The way Japanese think about religion is unique. Many Japanese who have given birth make a visit to a Shinto shrine. Later visits come at ages 3, 5 and 7. After becoming adults, many will get married at a church. When they die, they’ll have a Buddhist funeral. Between birth and death, many Japanese participate in some form of the three religions of Shinto, Christianity and Buddhism. I think this is probably rare. Certainly the freedom to worship is not unique and is recognized in places around the world, but perhaps Japanese practice the most diversified mix.
Japan’s native Shintoism is polytheistic. Gods reside in all things. There’s a god of the mountain, of the ocean, of the rice field, and of the river. Just recently we’ve heard a lot about a god of toilets even! Such theism underlies Japanese religious belief and probably explains why Japan can easily accommodate other religions. Shrines and temples are so immersed in the lives of Japanese that many are not even aware of them. It seems that individuals from abroad are much better able to appreciate their charm. When solemnly and pure of mind they pass through the gates, breathe deeply, lower their head before the Buddha and ask for direction with humility, then they certainly seem to be getting a richer experience than they would at, say, the movies.

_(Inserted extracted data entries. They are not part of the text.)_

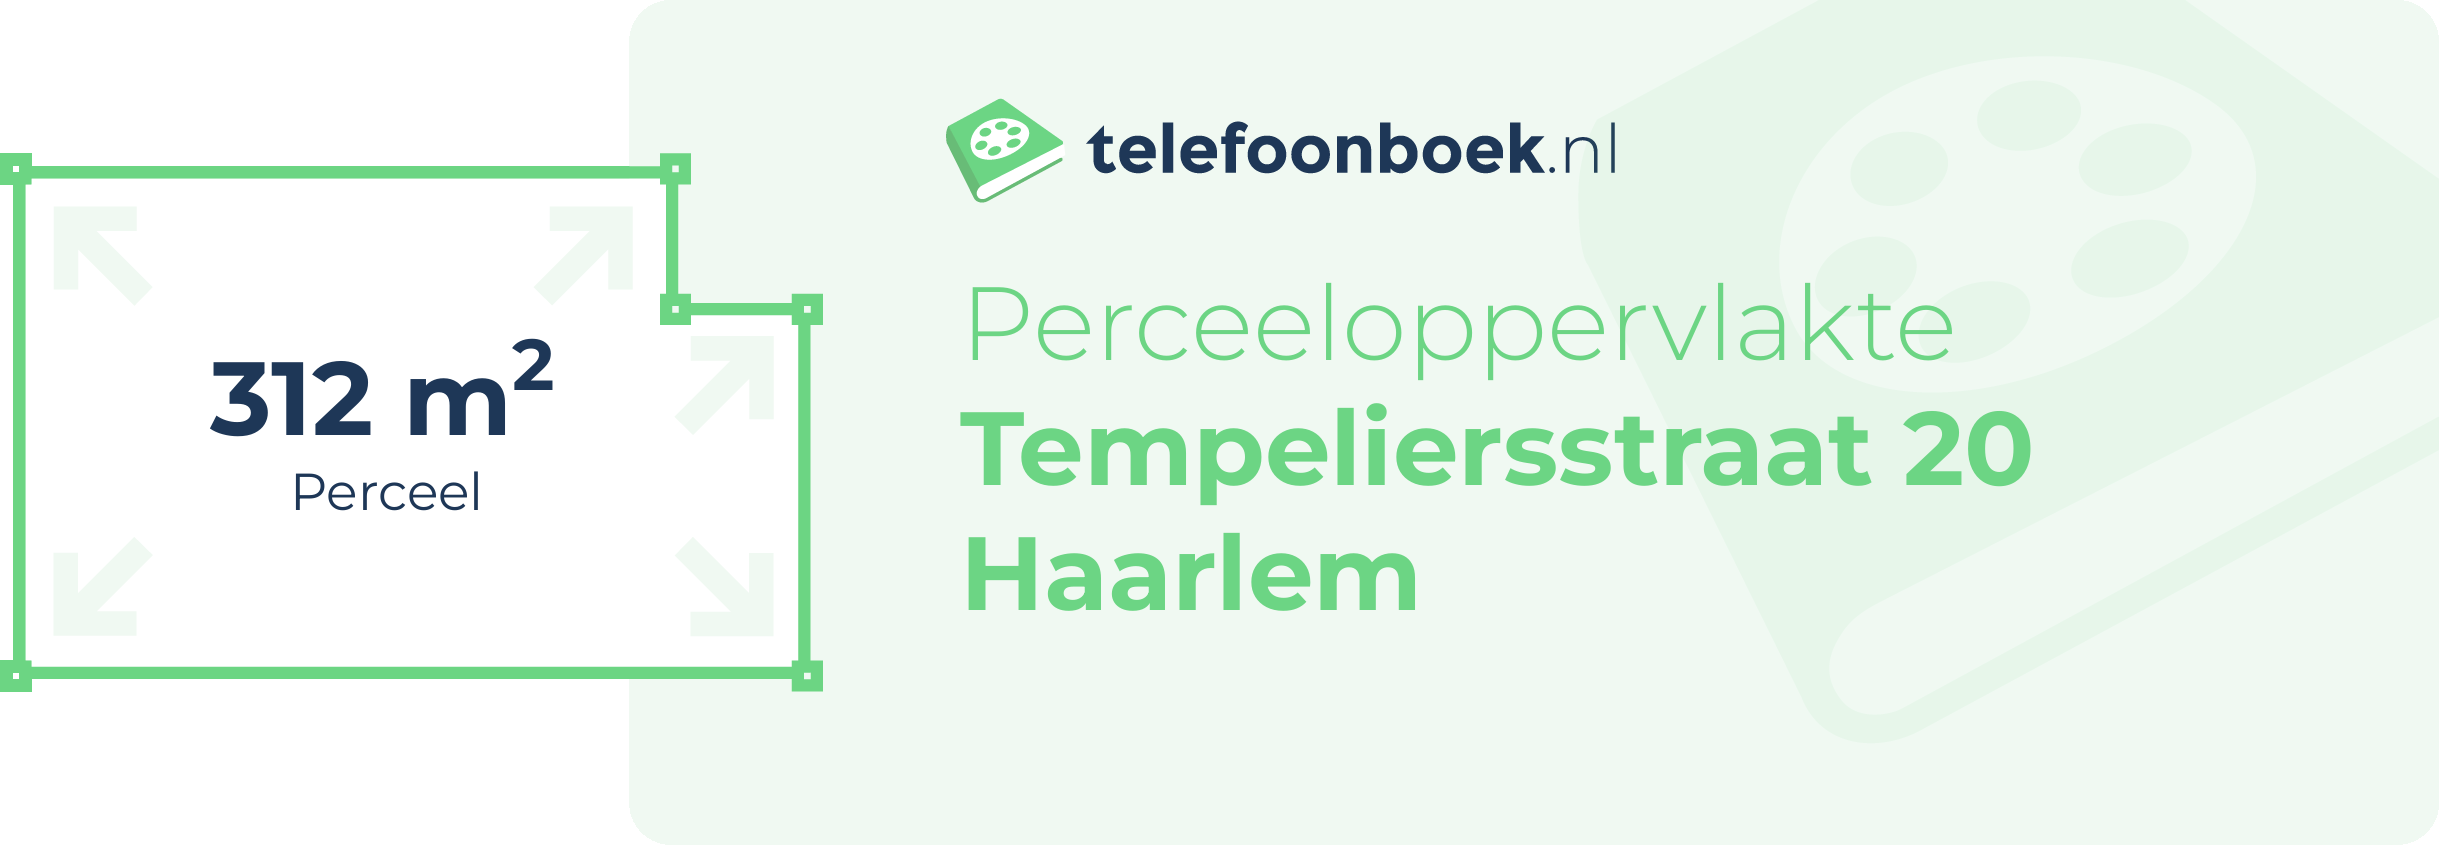 Perceeloppervlakte Tempeliersstraat 20 Haarlem
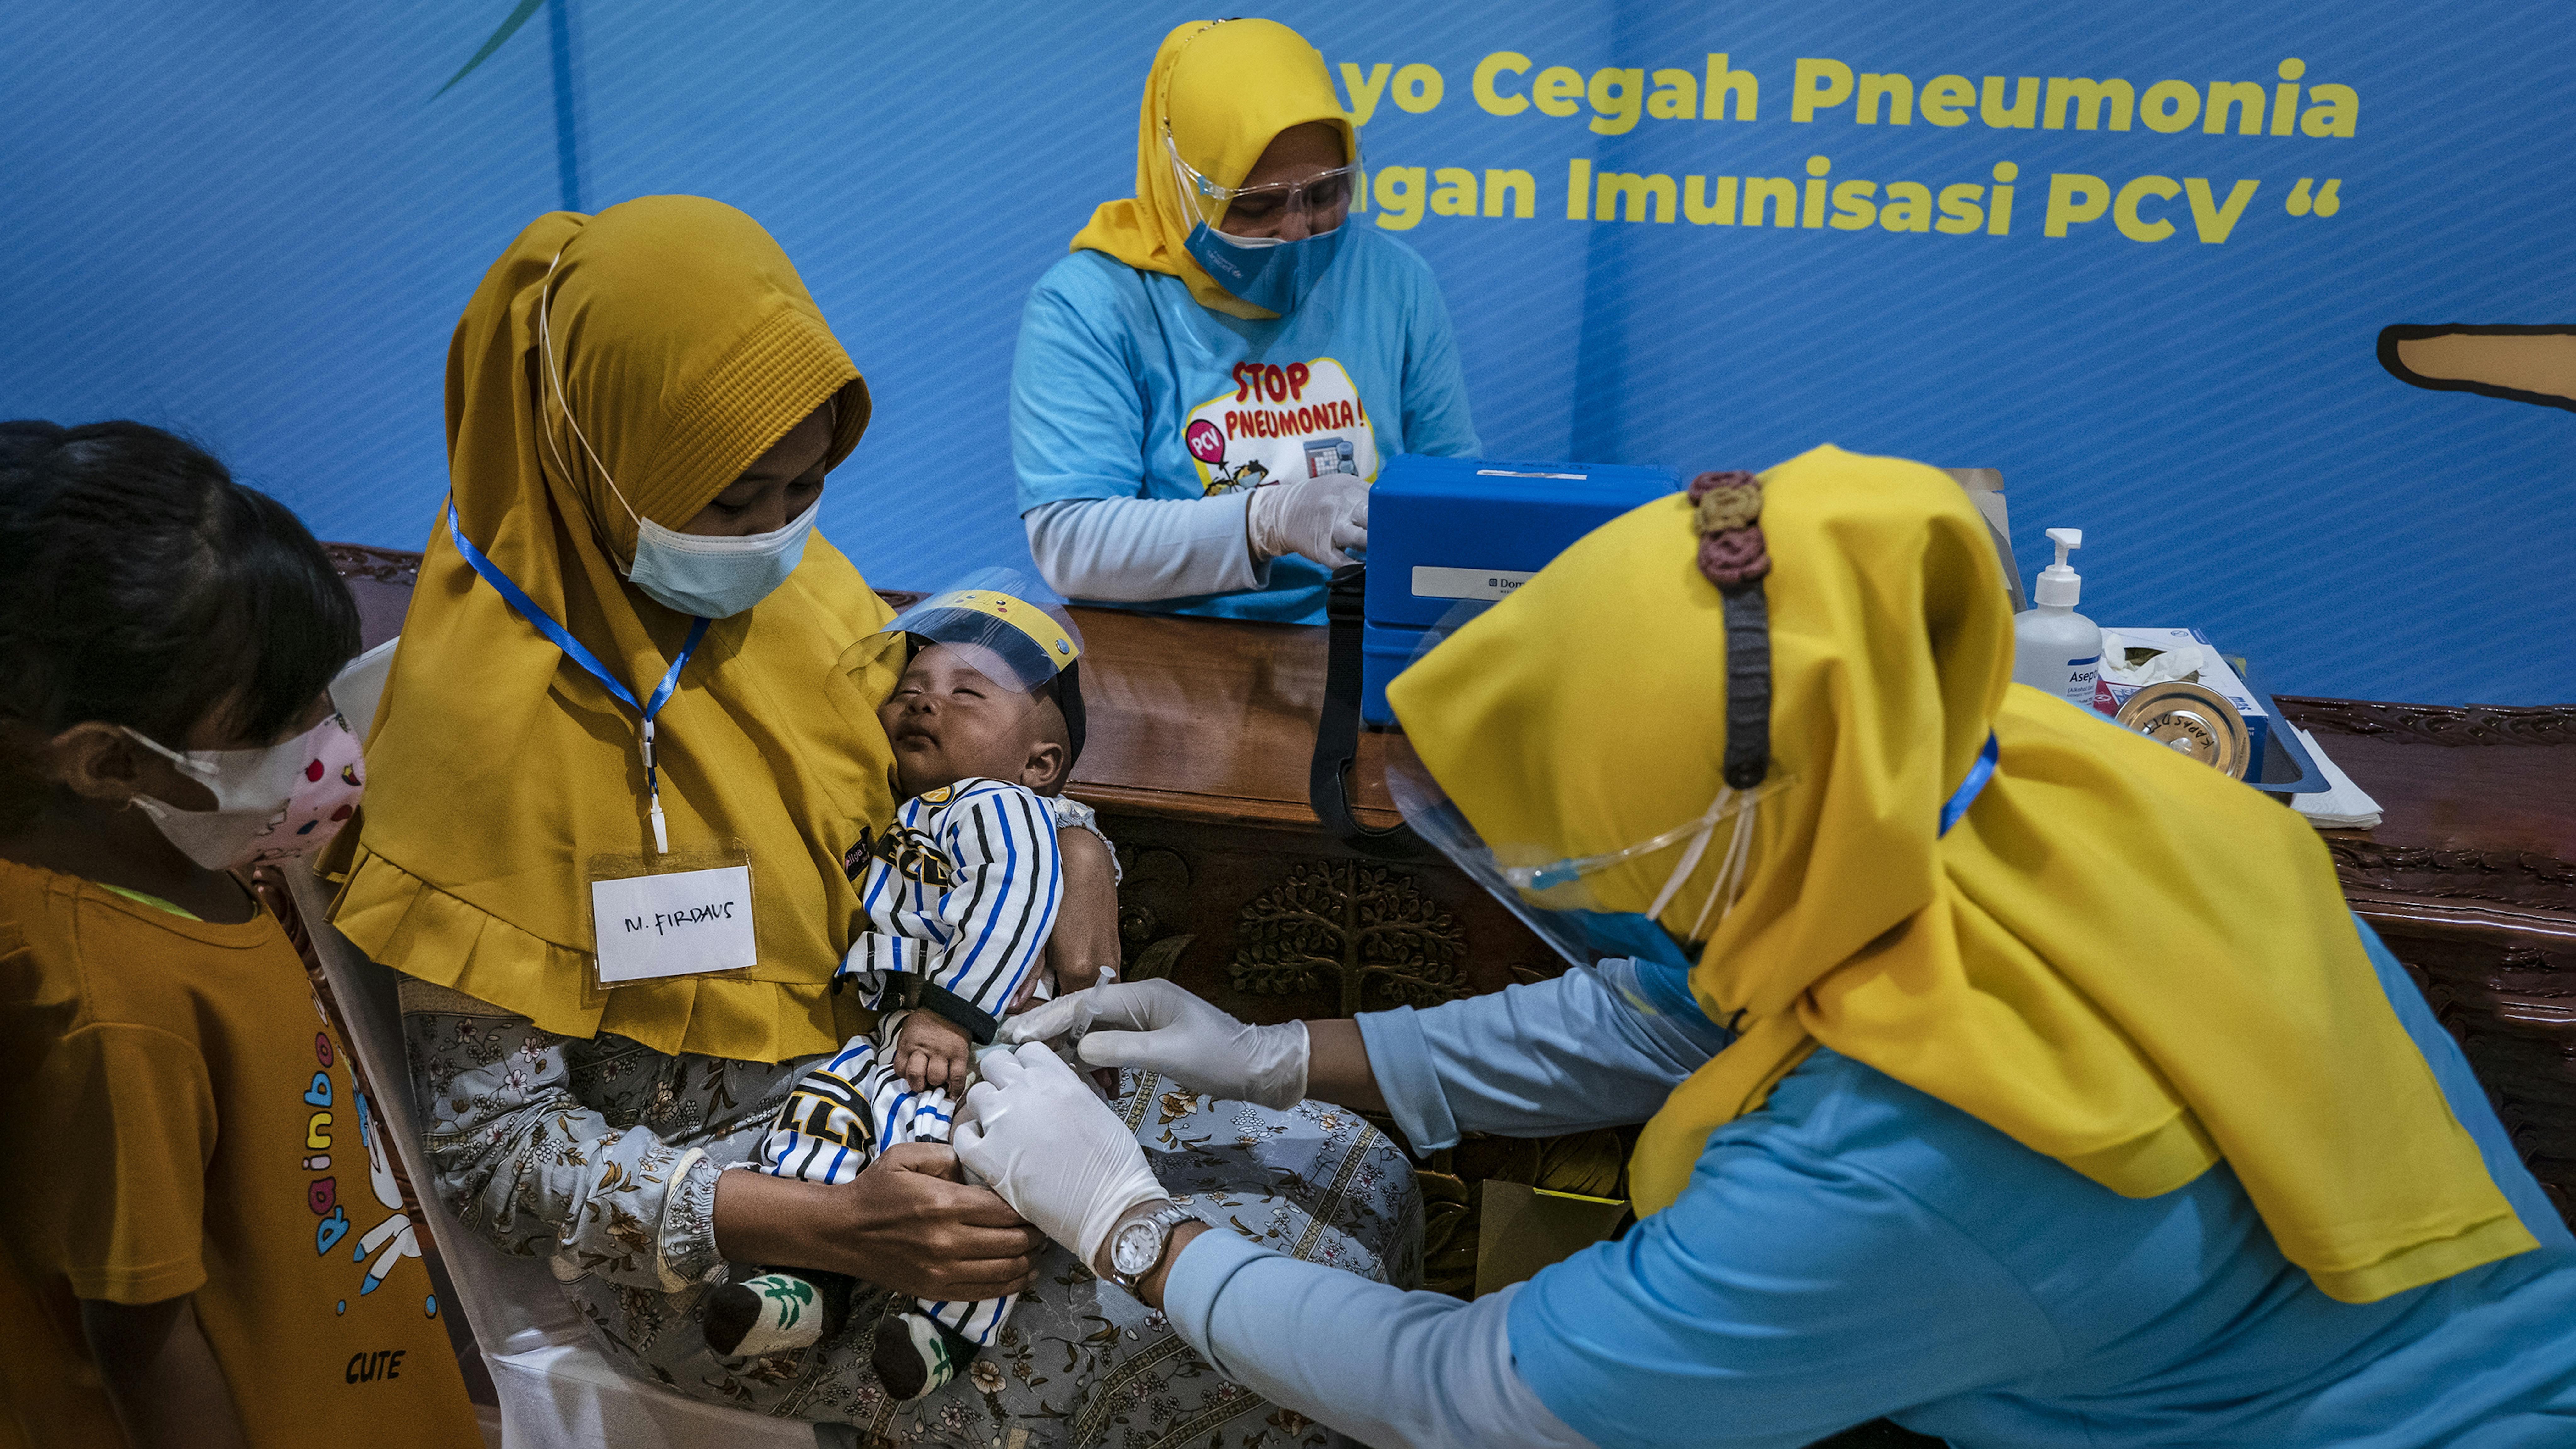 Indonesia, Uul Masula, 28 anni, tiene in braccio il suo bambino Firdaus mentre riceve una dose del vaccino pneumococcico
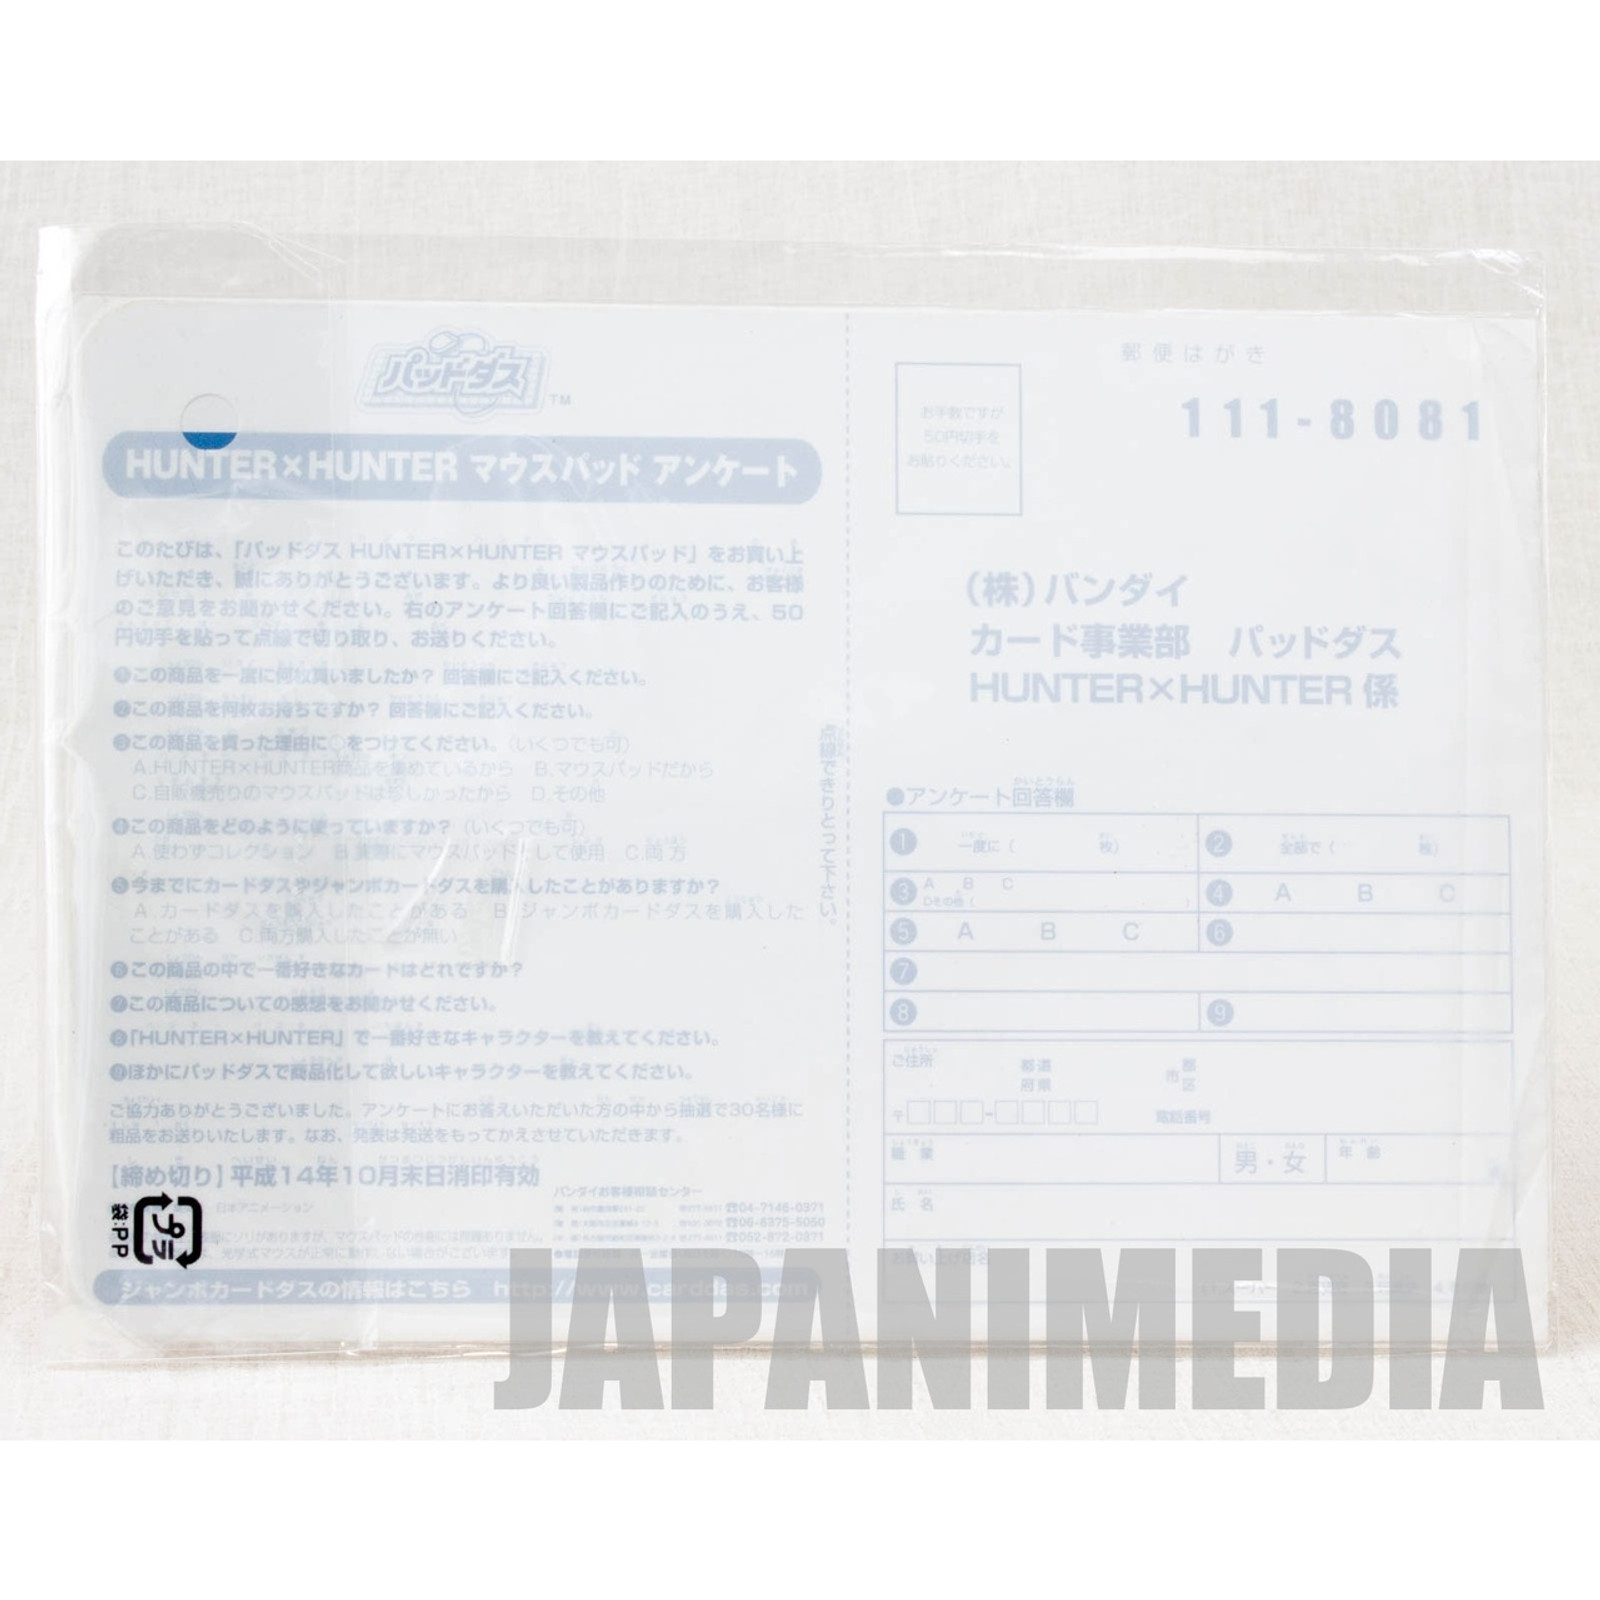 Hunter x Hunter Kurapika & Chrollo Jumbo Card Paddass BANDAI JAPAN ANIME MANGA

Tokozenji, where I was granted permission to photograph the Buddha, is in Kamariya, Kanazawa-ku. I’ve been to a relatively large number of temples and shrines, but this one is wonderful. While neither huge nor particularly glorious, it quietly carries on with the essence of a Japanese temple. Open the big gates wide: this is a place to visit when alive (not at one’s funeral). Because at this very moment of some eternal cycle, this place makes you feel alive!